# A good haircut



## glynyates (Jun 5, 2011)

Folks

Is there anywhere in Dubai that gives a decent haircut for blokes - I'm talking about the same standards as Tony&Guy or Headmasters etc in the UK with decent trained hairdressers.

Been here a few weeks now, the head is getting bushy, but I don't fancy handing it over to the type of salons I've seen so far.

Let me know

Thanks


----------



## cobragb (Mar 15, 2010)

There is a Tony and Guys in the Emirates towers (the hotel one) where I get my trimming done.


----------



## peterbredde (Aug 22, 2011)

I doubt you'll like this suggestion, but here goes. When I first arrived here I needed a haircut. My mate took me to Al Karama to look around one night and I noticed there were about 1 million indian barber shops, so I thought 'sod it' and tried one. Best haircut I've ever had. Even my missus keeps commenting on it. And it only costs 15AED and you get a little head and back massage - awesome. I go back to the same shop once a month. No idea what it's called or what street etc. I am never spending lots on a haircut again. Ever.

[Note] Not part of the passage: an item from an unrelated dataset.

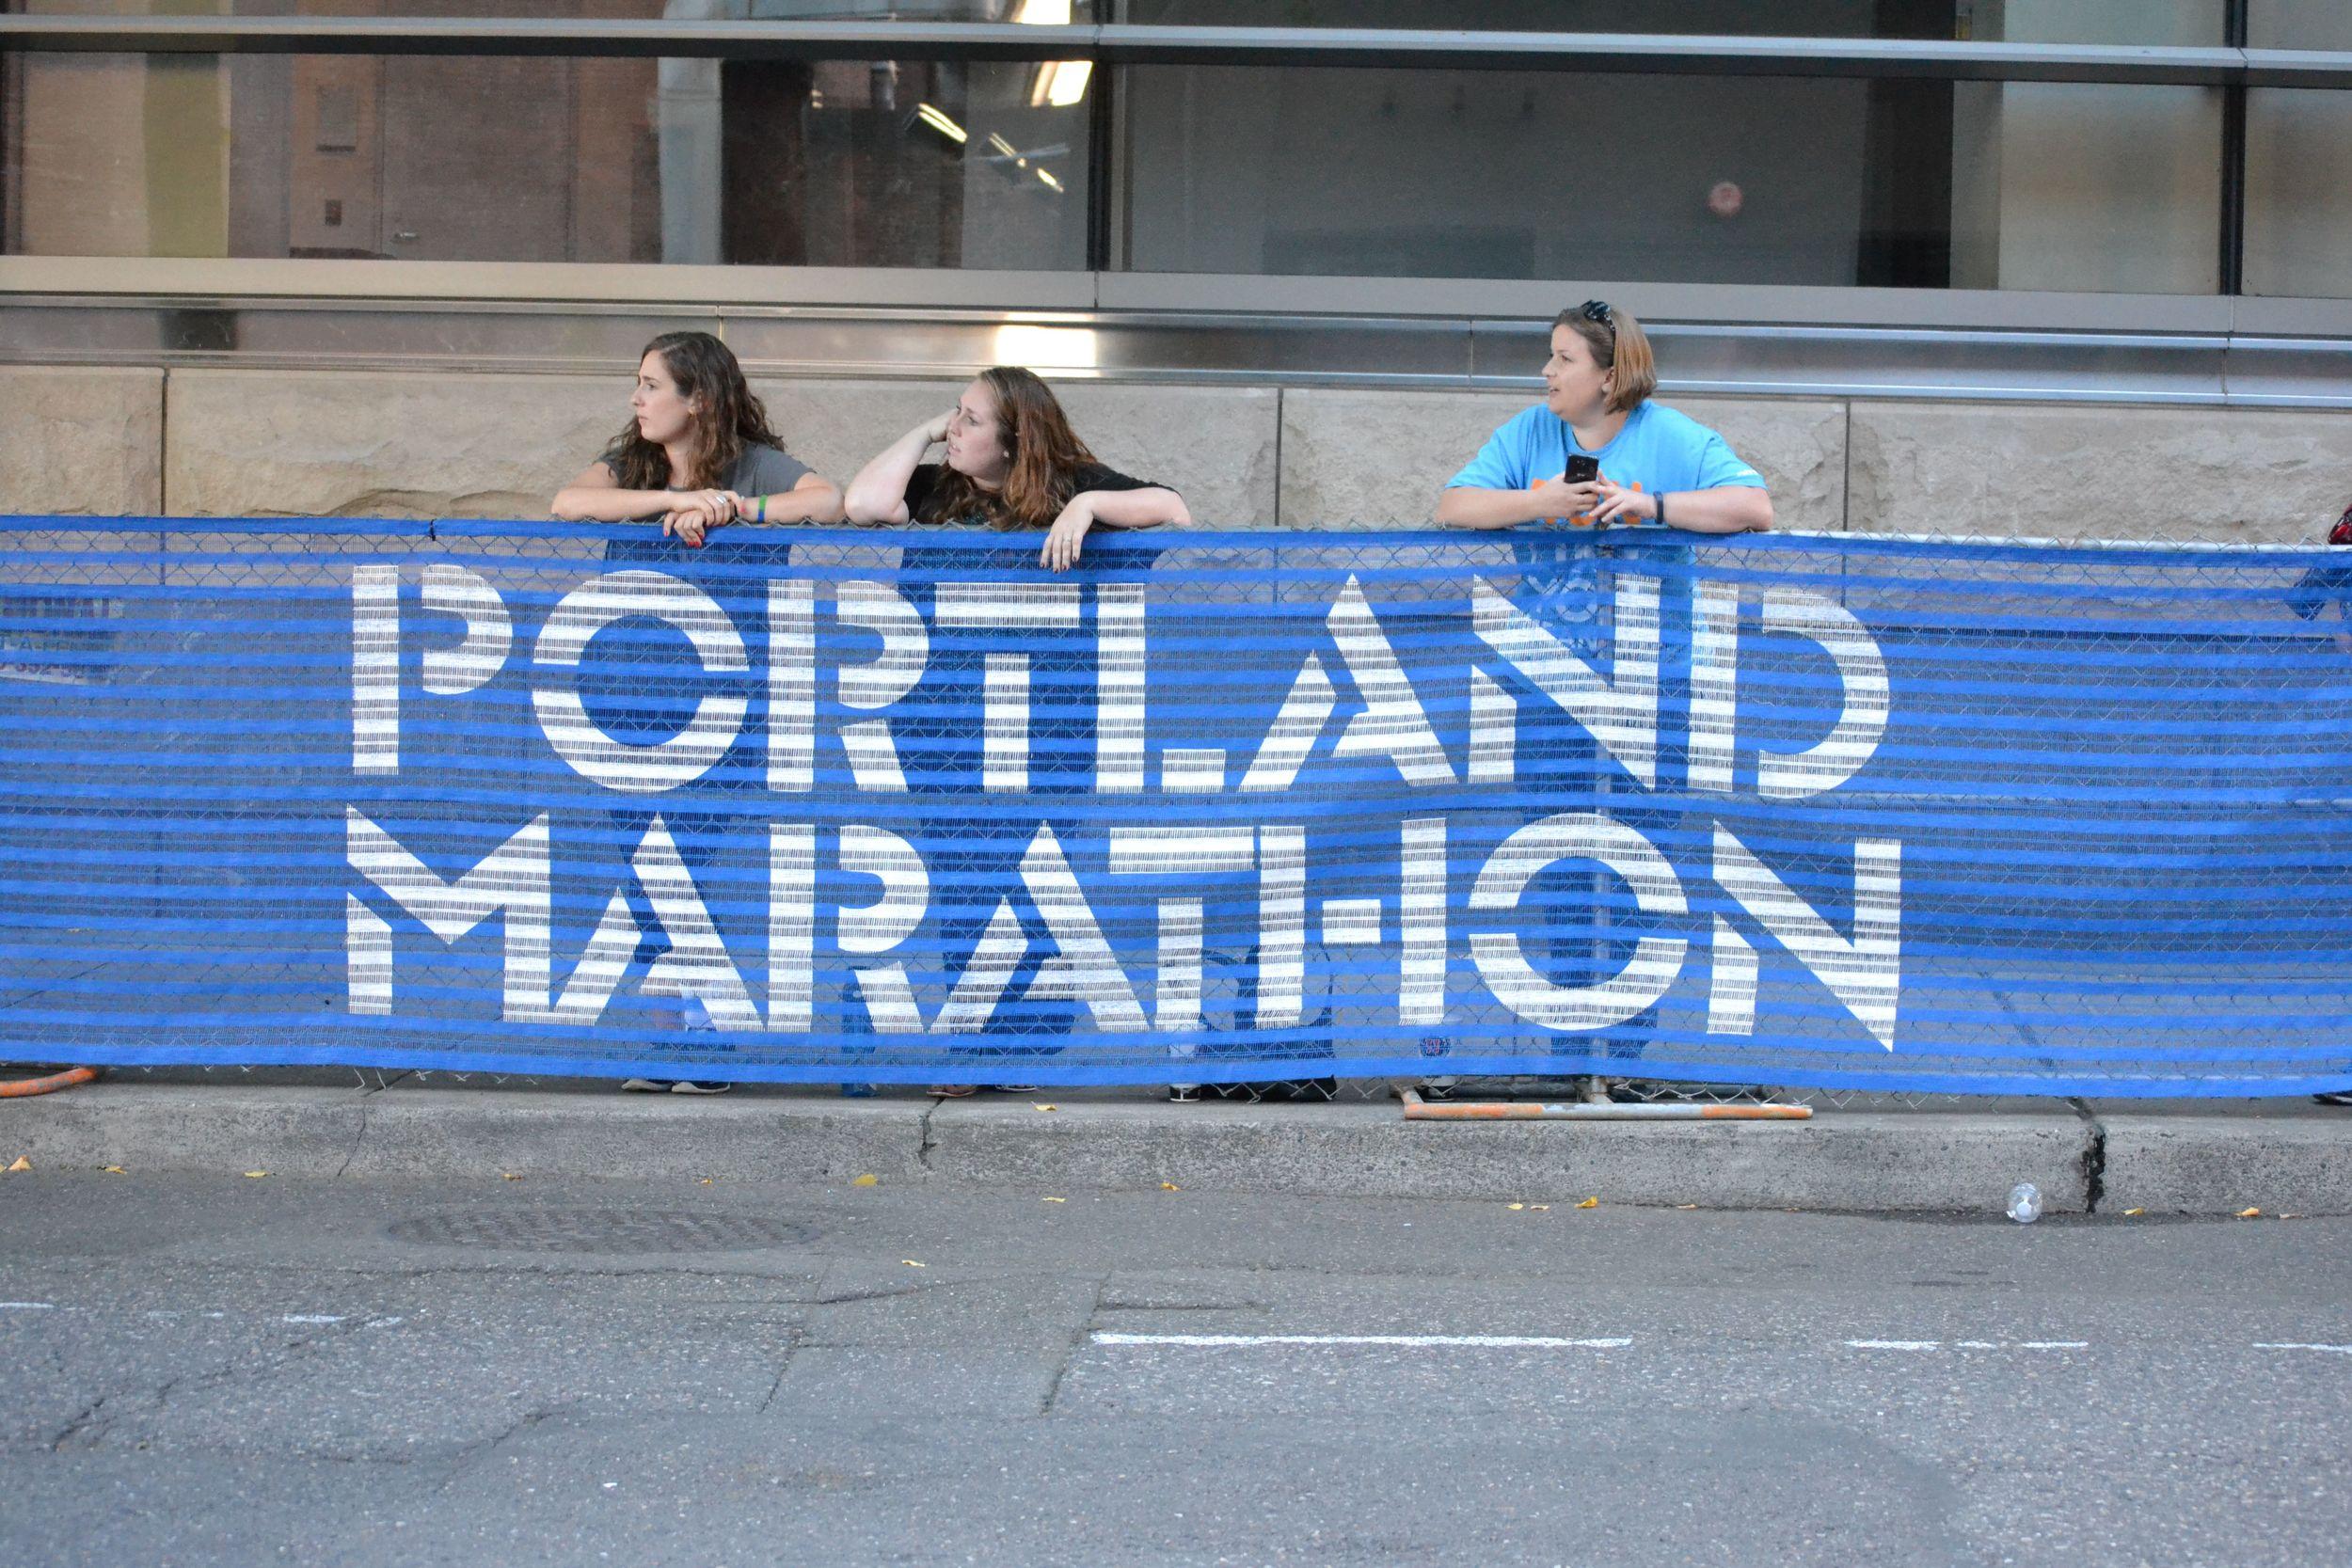 portlandmarathon.fans
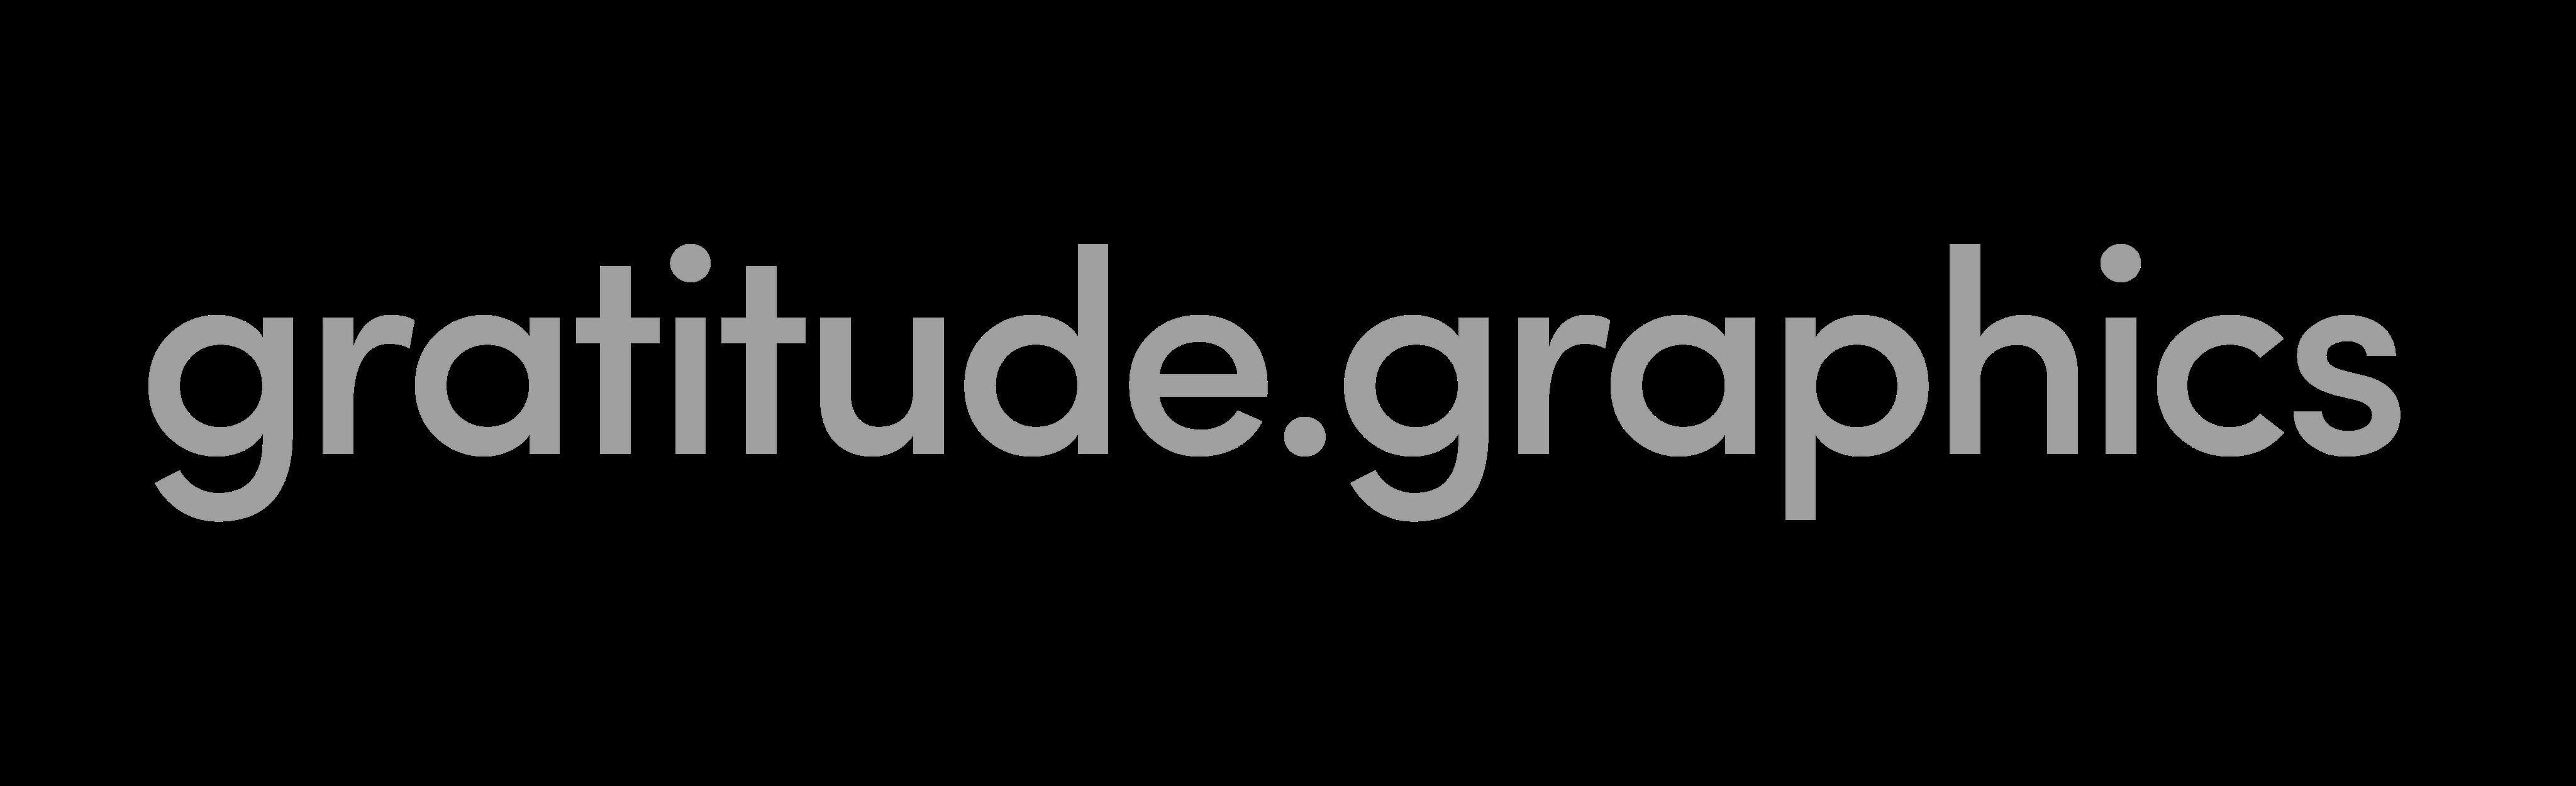 gratitude graphics

ps - please take this with a pinch of salt as my hair has never really been typical salon fodder anyway


----------



## ilovechocolates (Aug 17, 2011)

glynyates said:


> Folks
> 
> Is there anywhere in Dubai that gives a decent haircut for blokes - I'm talking about the same standards as Tony&Guy or Headmasters etc in the UK with decent trained hairdressers.
> 
> ...


There's Julian Hairdressing in JBR.


----------



## ash_ak (Jan 22, 2011)

peterbredde said:


> I doubt you'll like this suggestion, but here goes. When I first arrived here I needed a haircut. My mate took me to Al Karama to look around one night and I noticed there were about 1 million indian barber shops, so I thought 'sod it' and tried one. Best haircut I've ever had. Even my missus keeps commenting on it. And it only costs 15AED and you get a little head and back massage - awesome. I go back to the same shop once a month. No idea what it's called or what street etc. I am never spending lots on a haircut again. Ever.
> 
> ps - please take this with a pinch of salt as my hair has never really been typical salon fodder anyway


Directions please


----------



## peterbredde (Aug 22, 2011)

ash_ak said:


> Directions please


Easy. Head down Za'abeel road til you see the first sign to turn left into Al Karama just after you pass Emirates post. Turn into the main drag through Al Karama here. Then take first right. The barbers is about 80m or so down this road on your right hand side. It's got red signage above it. There is a little cafe with a red sign just a couple of doors down.


----------